WHAT IS BEING ASKED:
Where a picture occurs in the data, omit it, and copy all remaining data exactly.

DATASET EXCERPT:
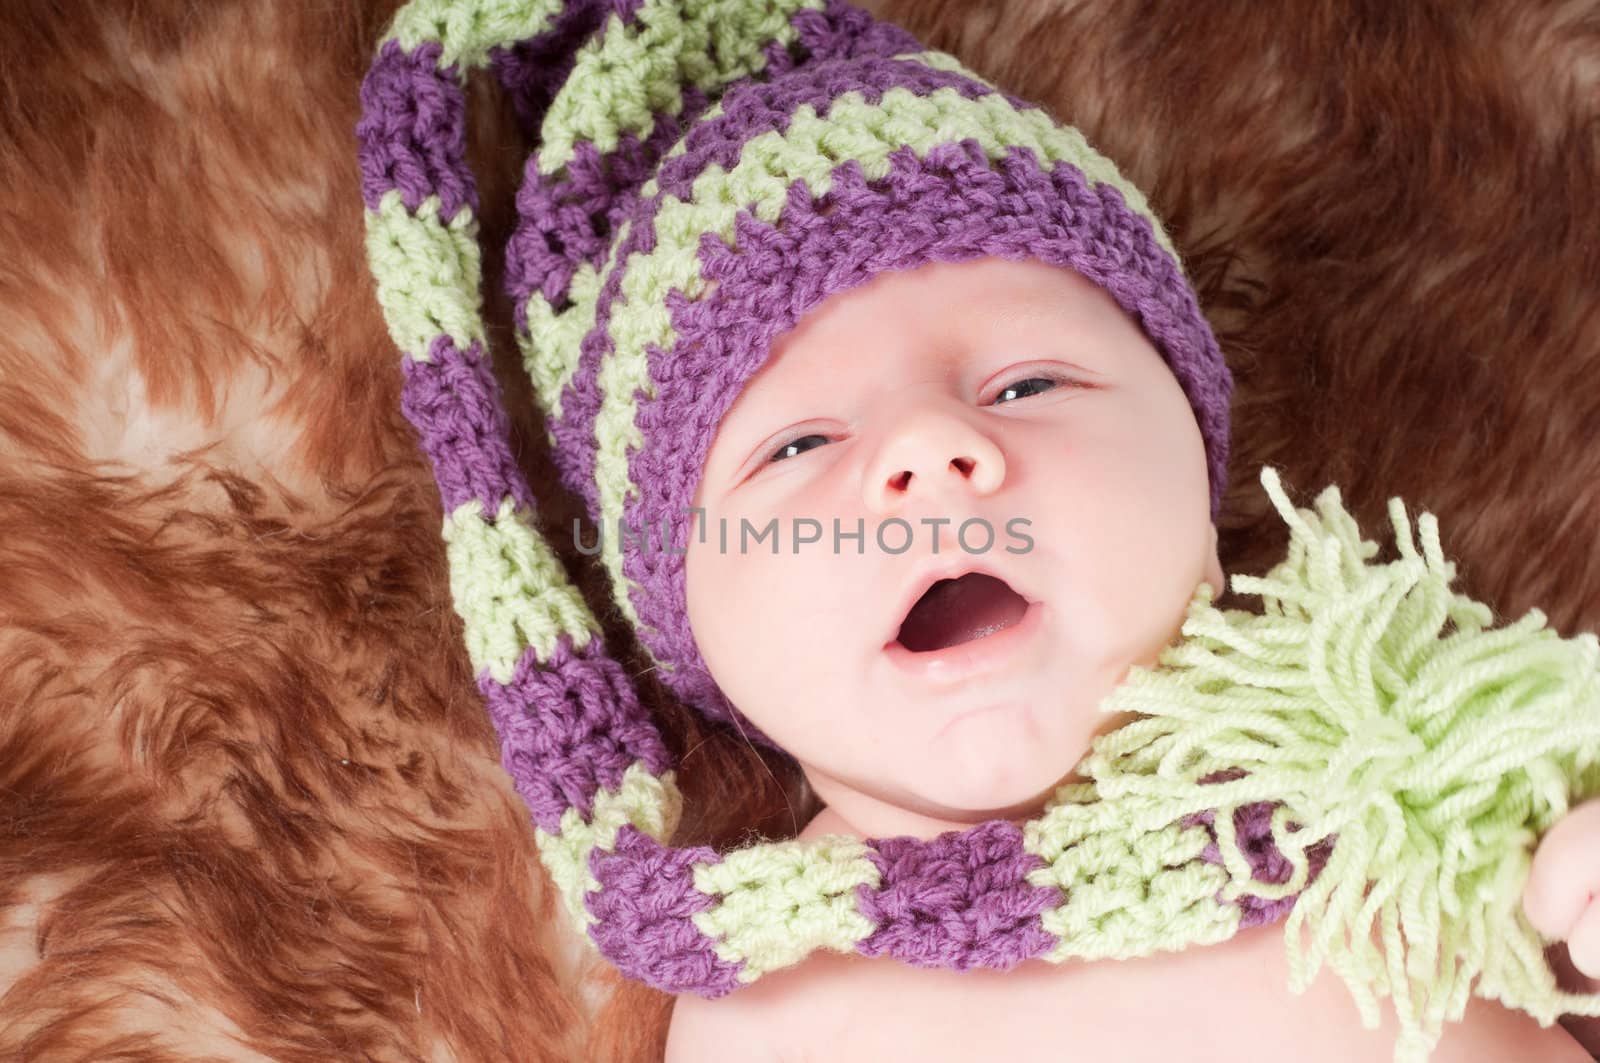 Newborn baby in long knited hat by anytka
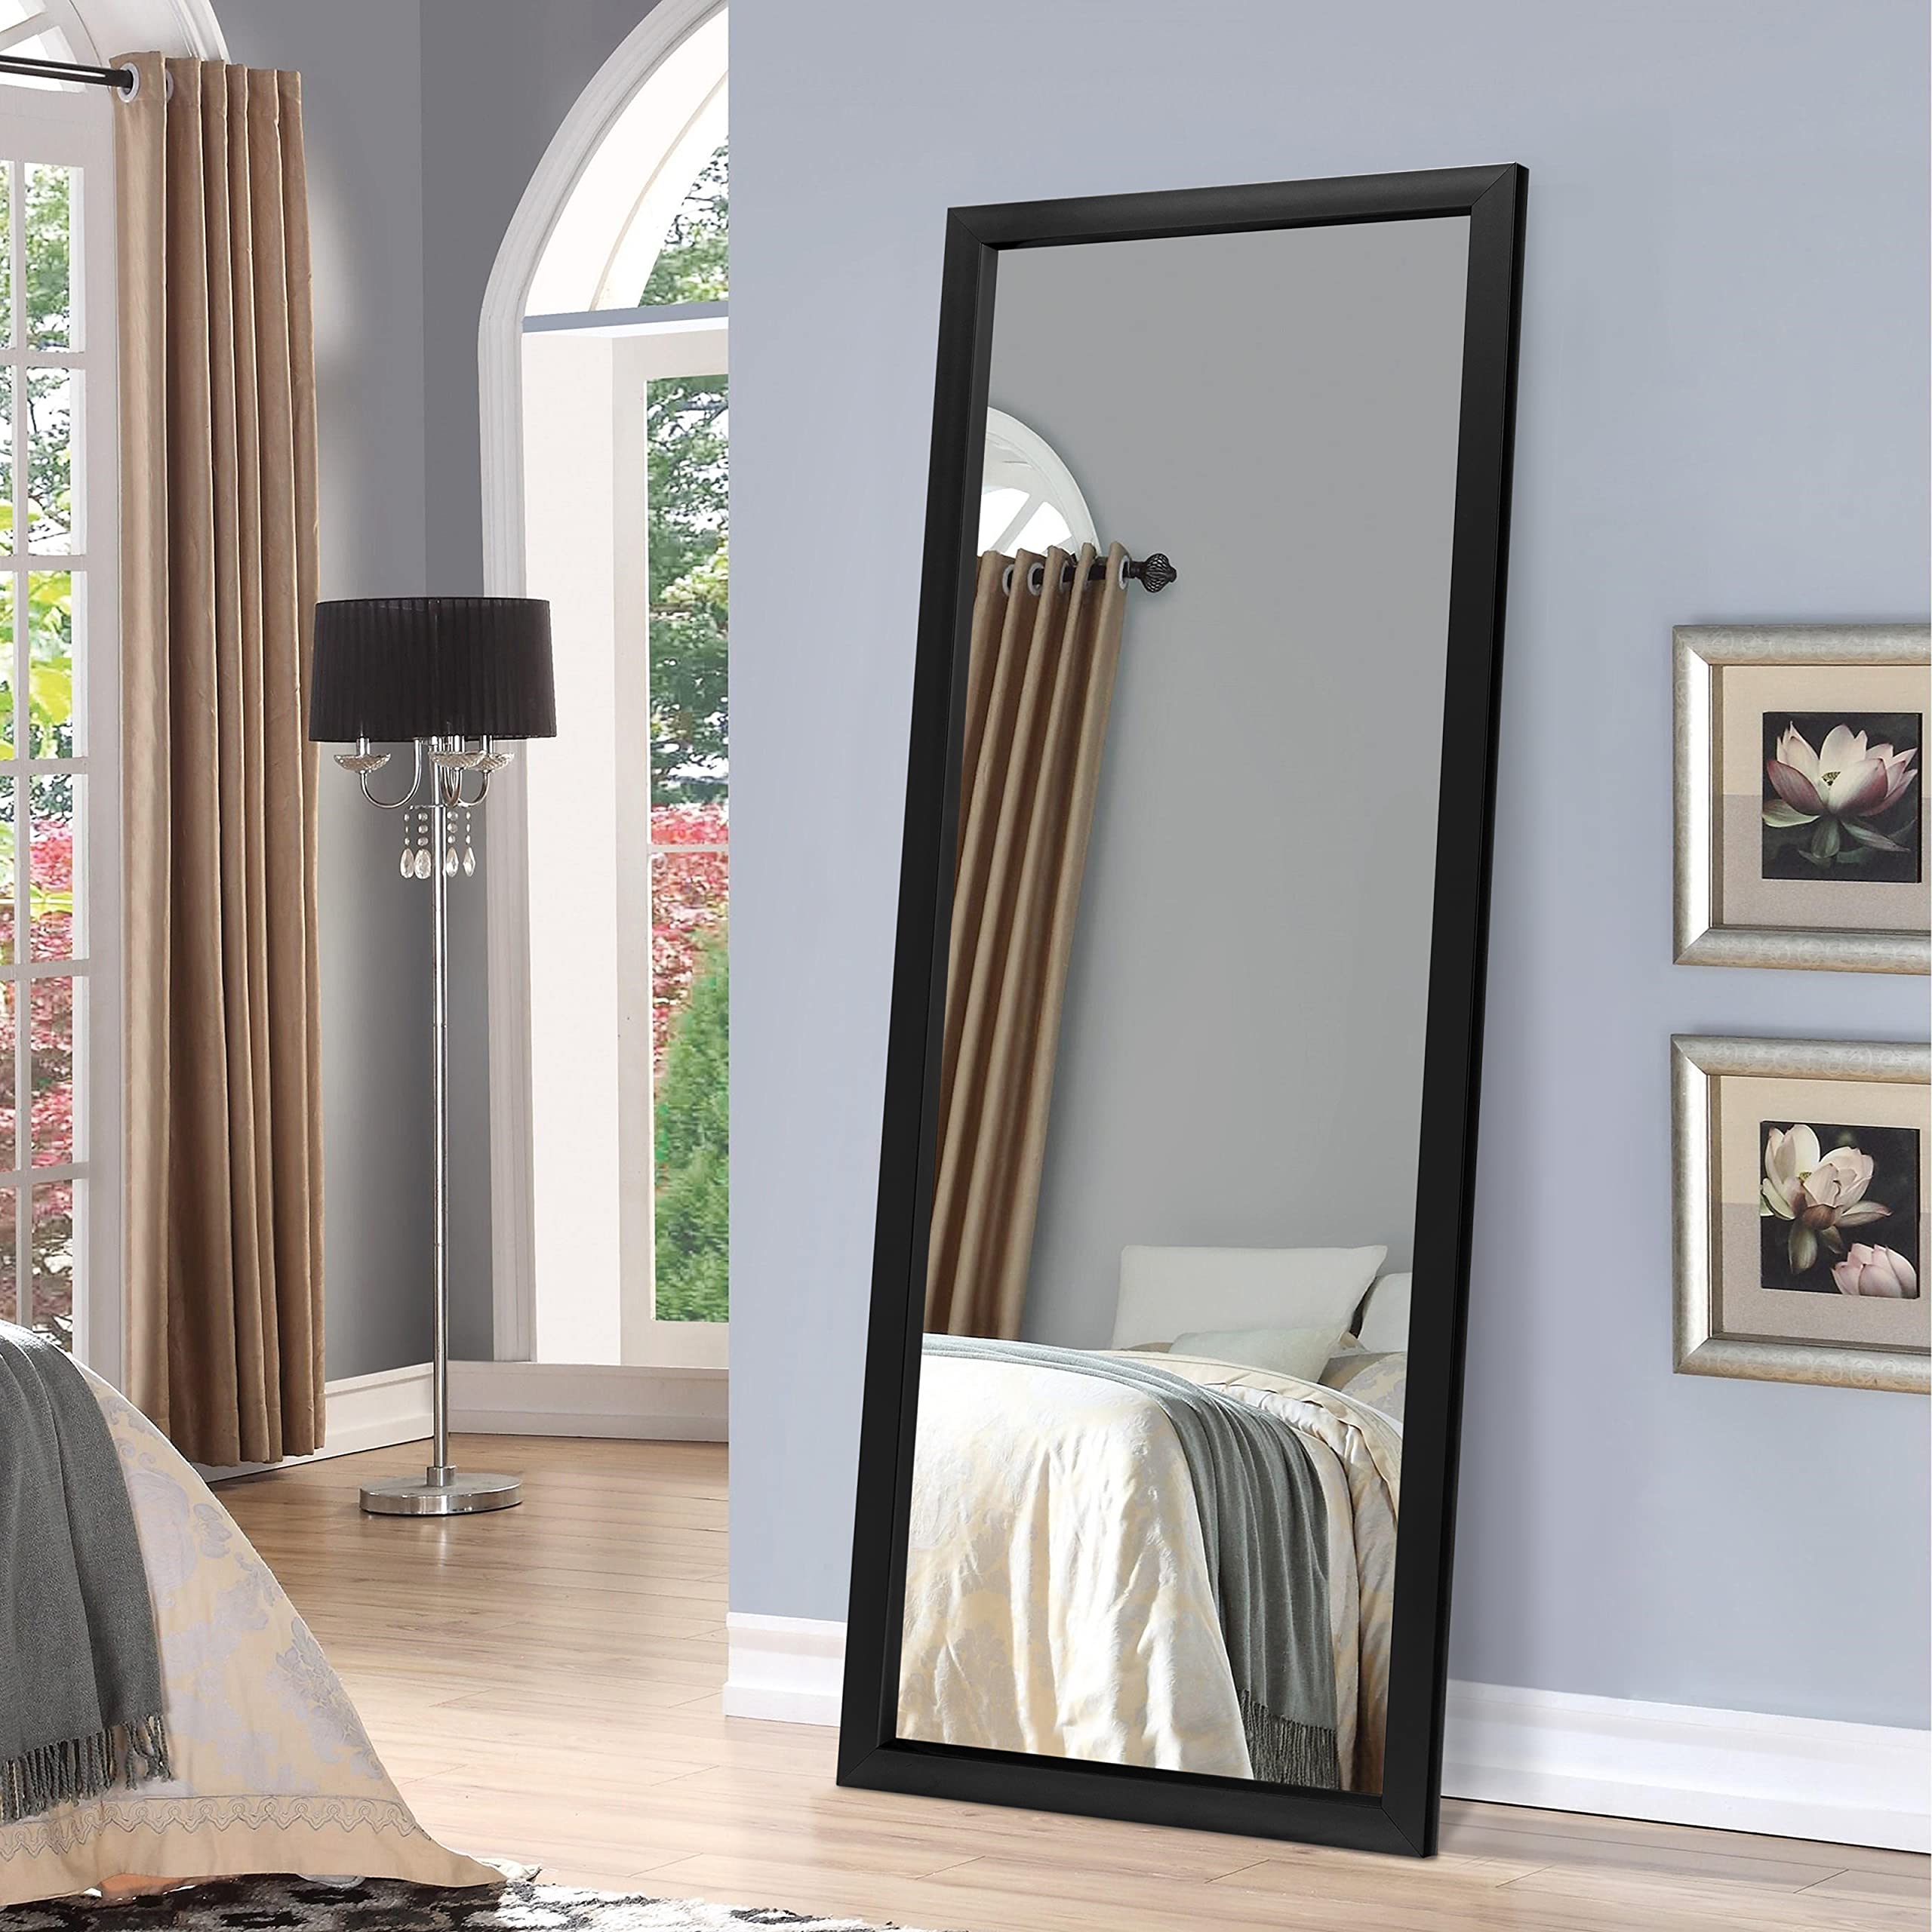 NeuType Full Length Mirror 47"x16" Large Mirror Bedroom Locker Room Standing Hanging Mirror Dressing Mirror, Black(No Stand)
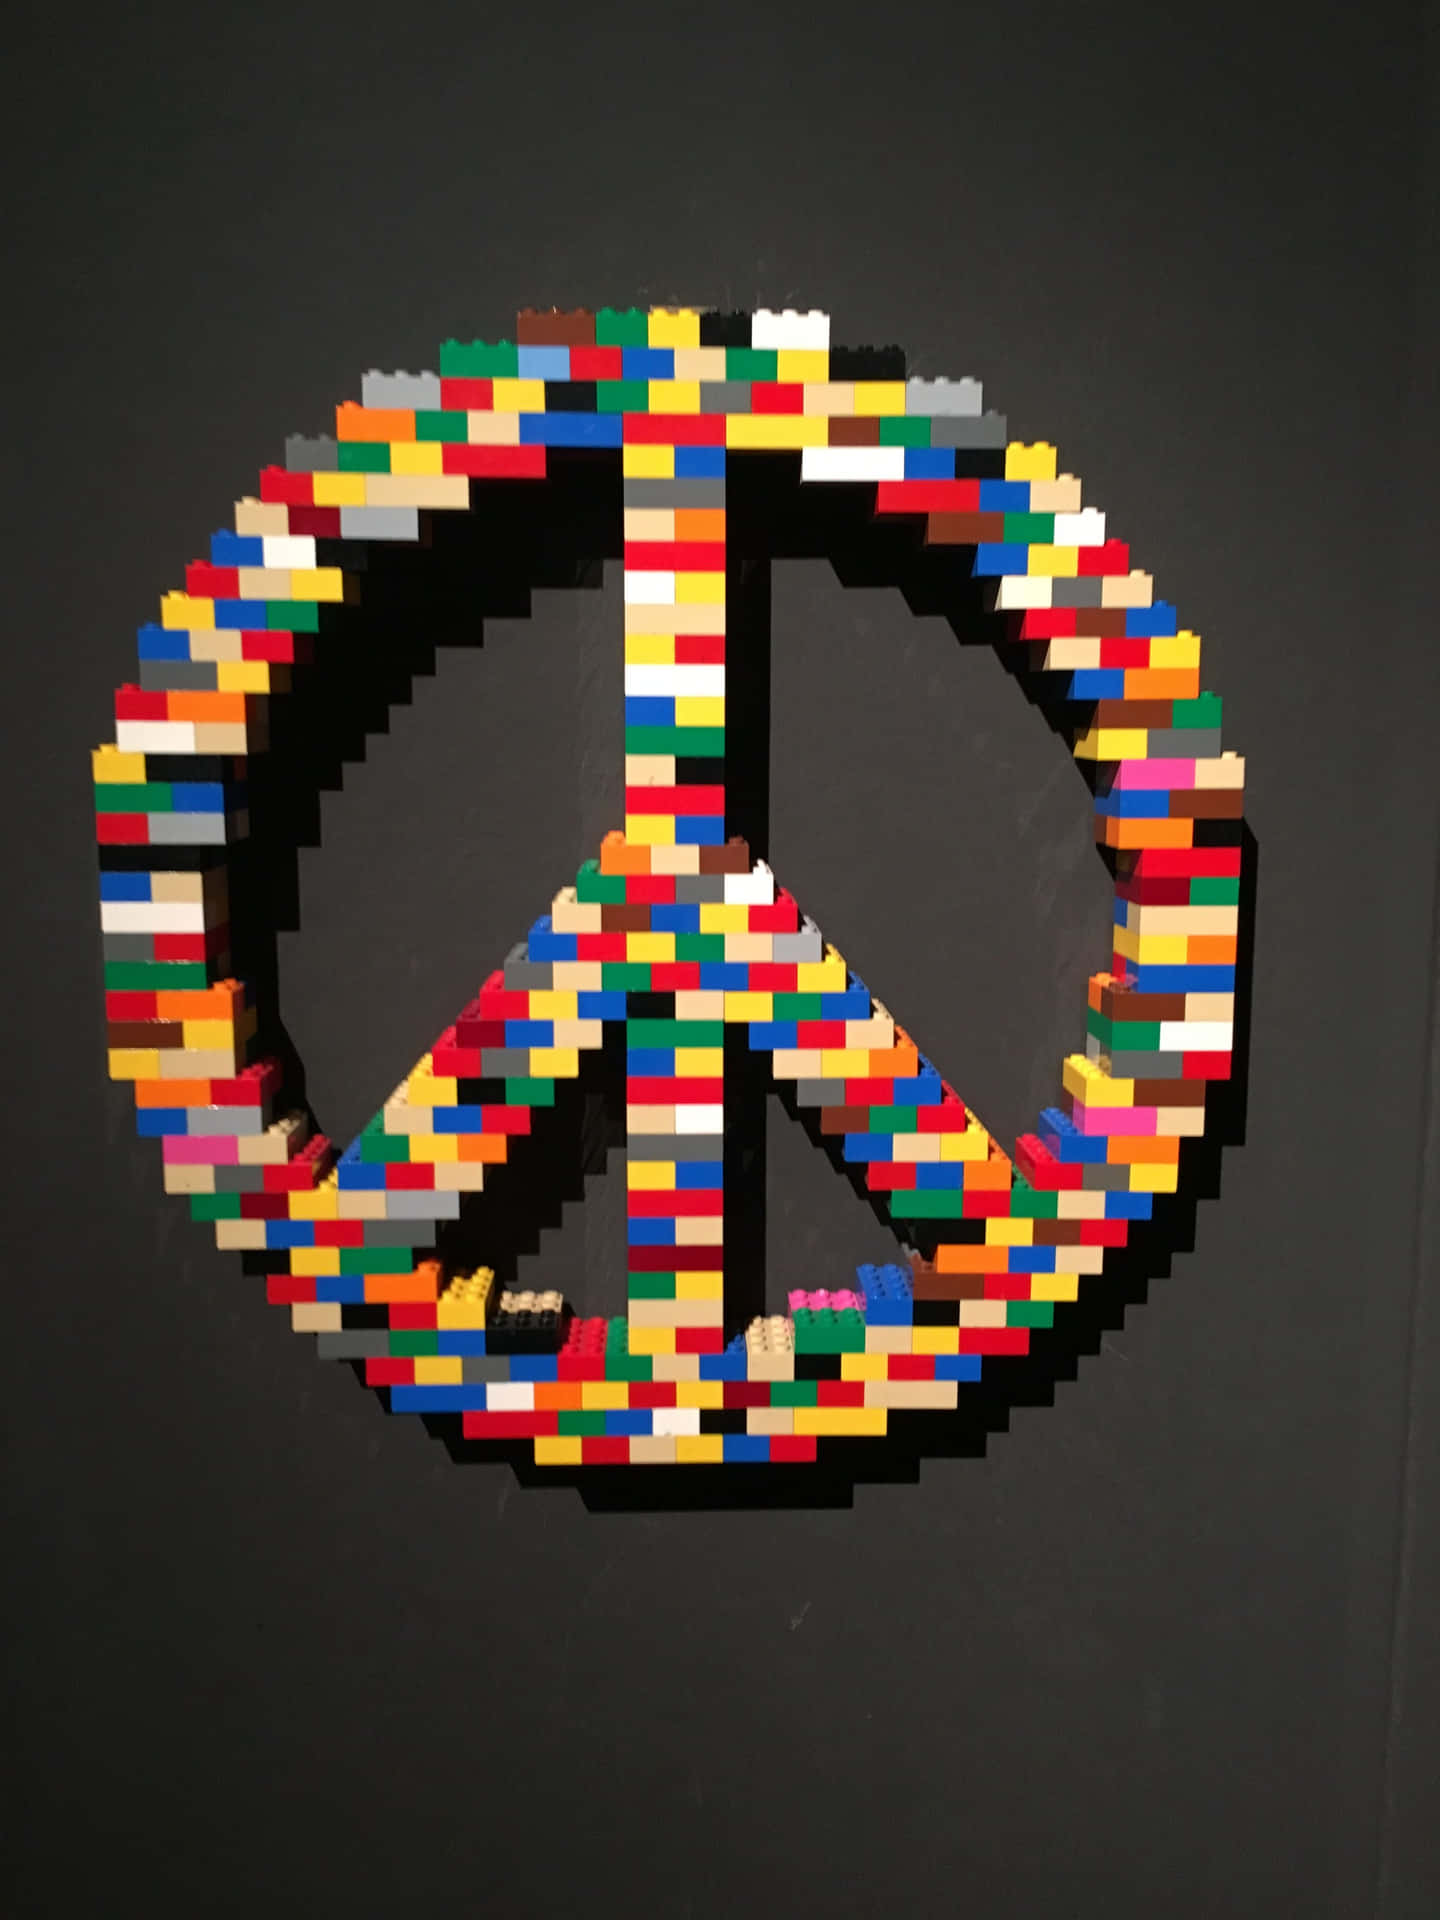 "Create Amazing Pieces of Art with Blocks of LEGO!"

EXERCISE ANSWER:
 Newborn baby in long knited hat by anytka
 NeuType Full Length Mirror 47"x16" Large Mirror Bedroom Locker Room Standing Hanging Mirror Dressing Mirror, Black(No Stand)
 "Create Amazing Pieces of Art with Blocks of LEGO!"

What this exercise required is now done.